▸ **Requirement**:
In the entries below, find the line containing "30 Χαράλαμπος Μπούρας: Η" and the line containing "V CERTIFICADO Os". Copy those two lines and everything between them exactly, without the pictures.

--- Data for processing ---

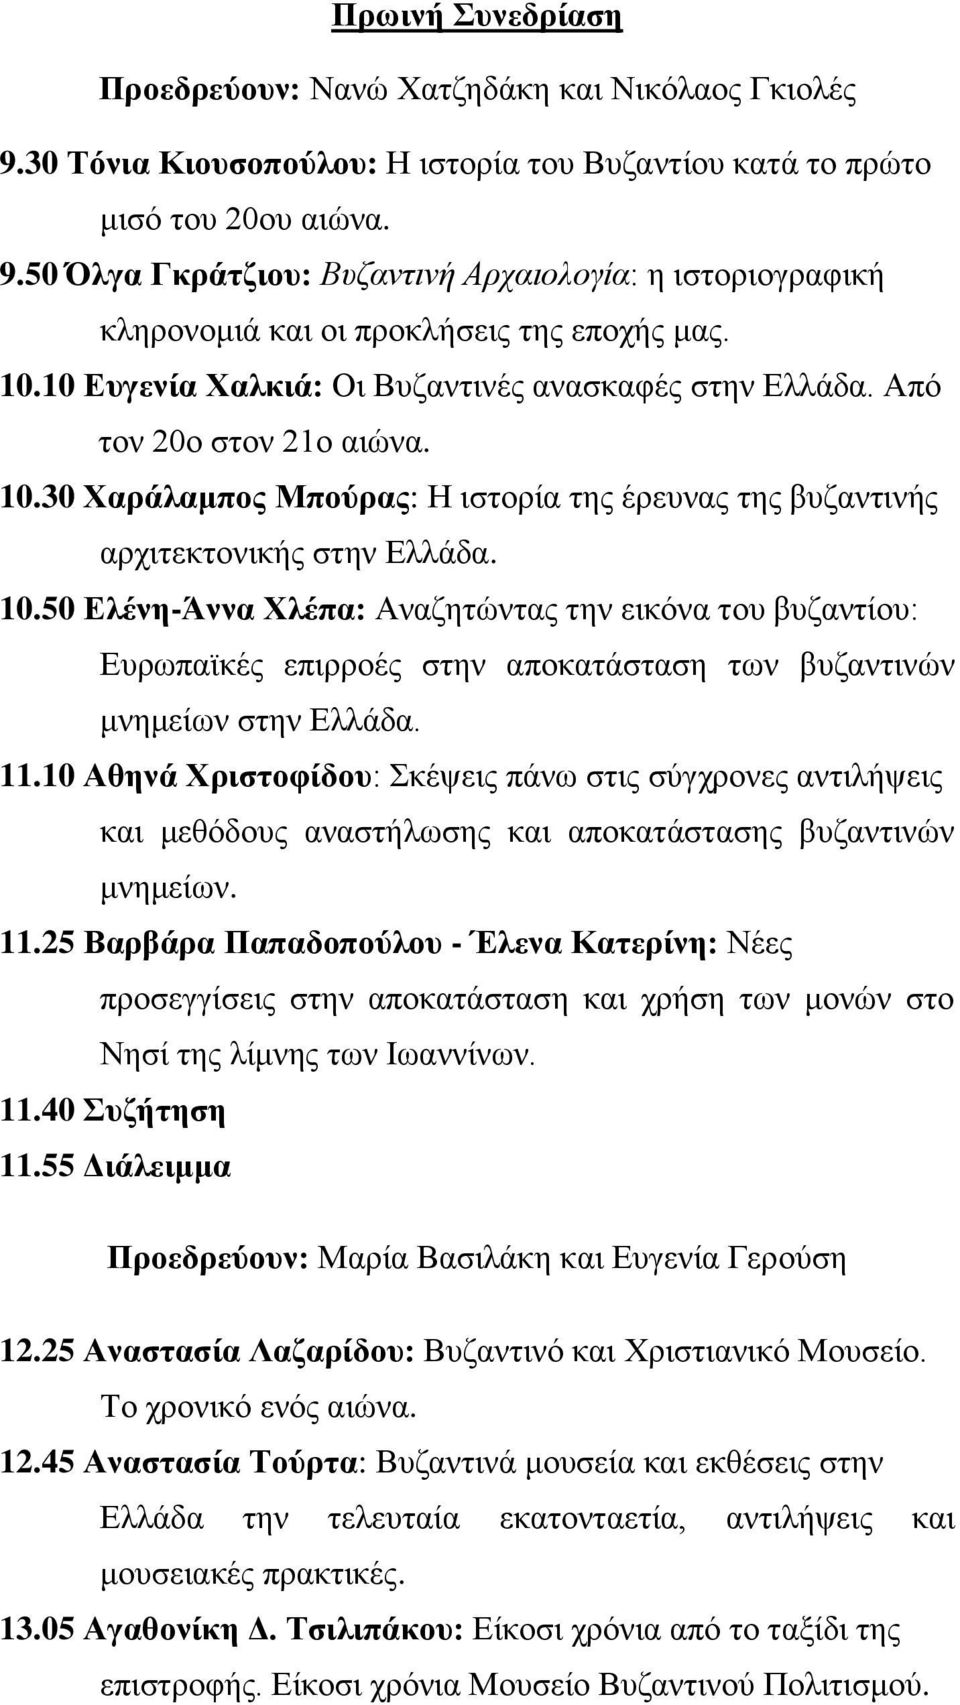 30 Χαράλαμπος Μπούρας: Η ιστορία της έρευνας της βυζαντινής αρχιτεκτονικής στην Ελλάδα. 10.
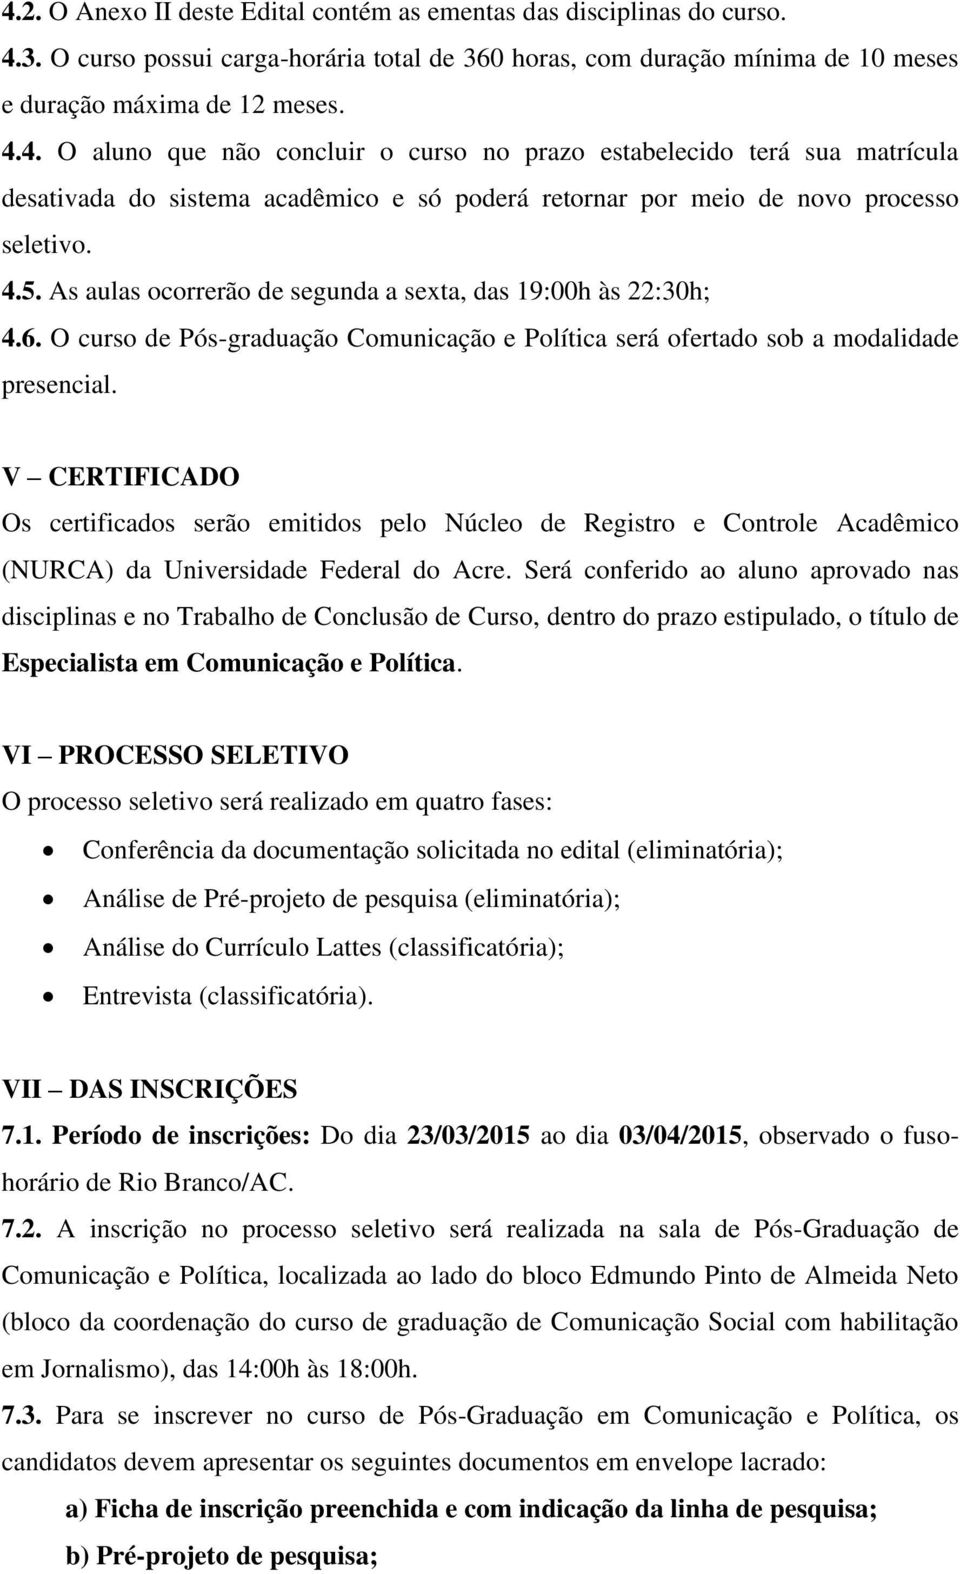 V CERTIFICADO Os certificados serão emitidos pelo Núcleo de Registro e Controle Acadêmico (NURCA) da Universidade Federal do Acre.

---
--- Data for processing ---

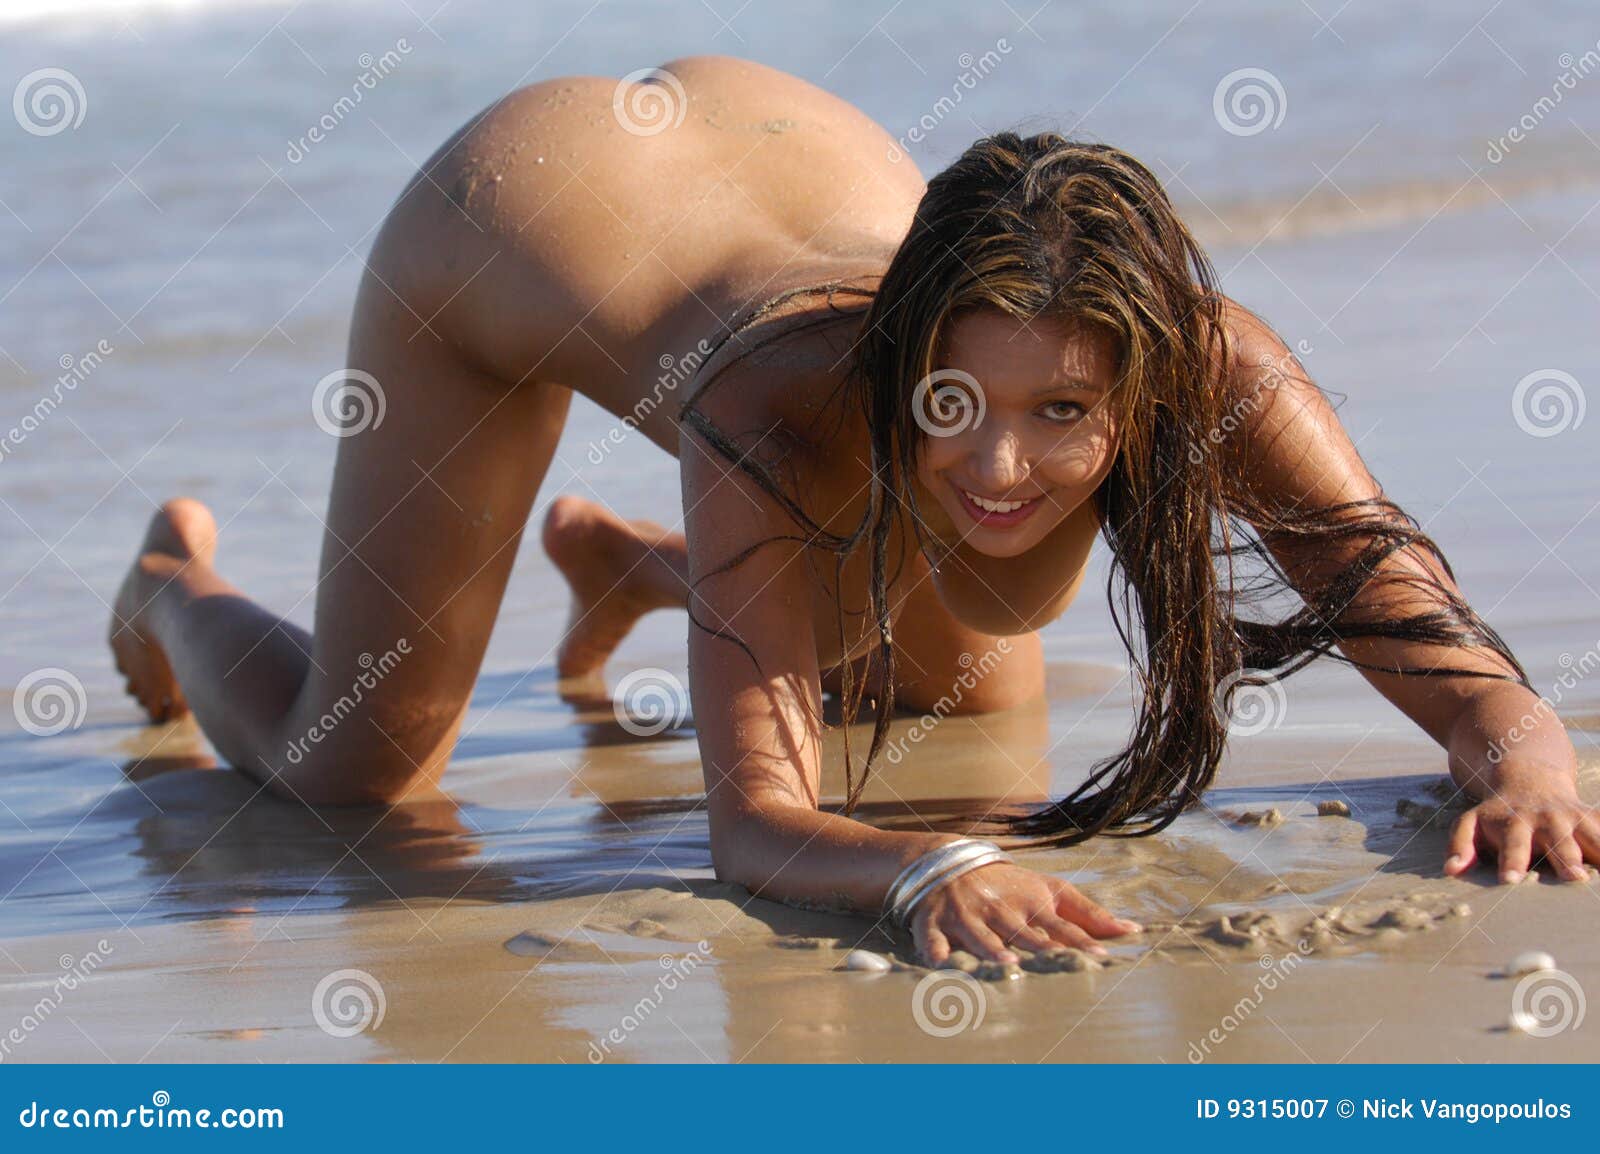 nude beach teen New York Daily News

---
--- Data for processing ---

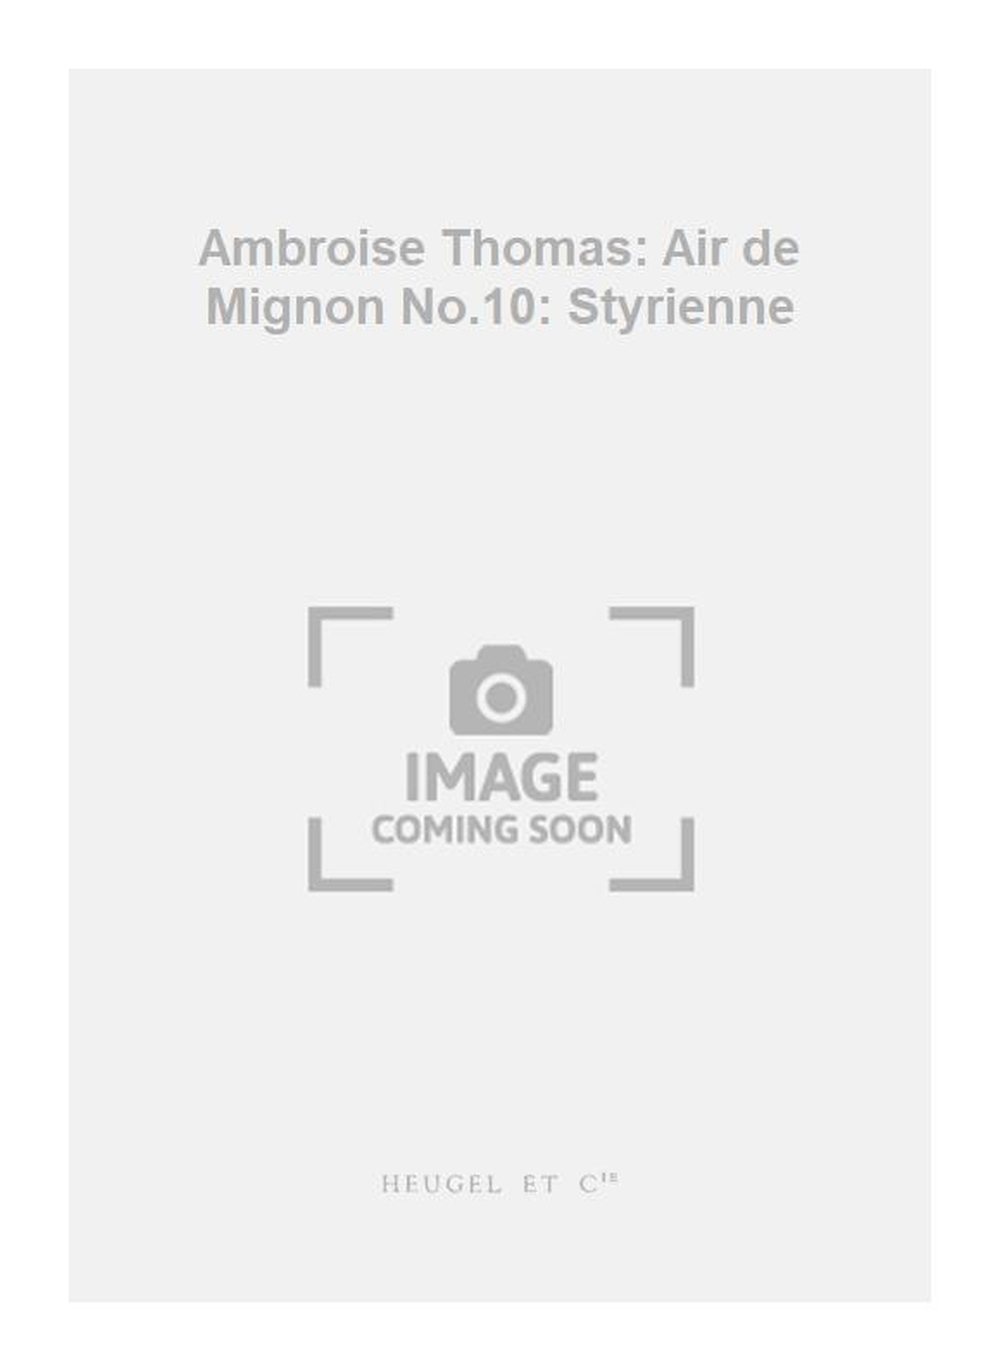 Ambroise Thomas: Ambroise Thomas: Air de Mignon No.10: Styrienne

---

▸ **The answer**:
 30 Χαράλαμπος Μπούρας: Η ιστορία της έρευνας της βυζαντινής αρχιτεκτονικής στην Ελλάδα. 10.
 V CERTIFICADO Os certificados serão emitidos pelo Núcleo de Registro e Controle Acadêmico (NURCA) da Universidade Federal do Acre.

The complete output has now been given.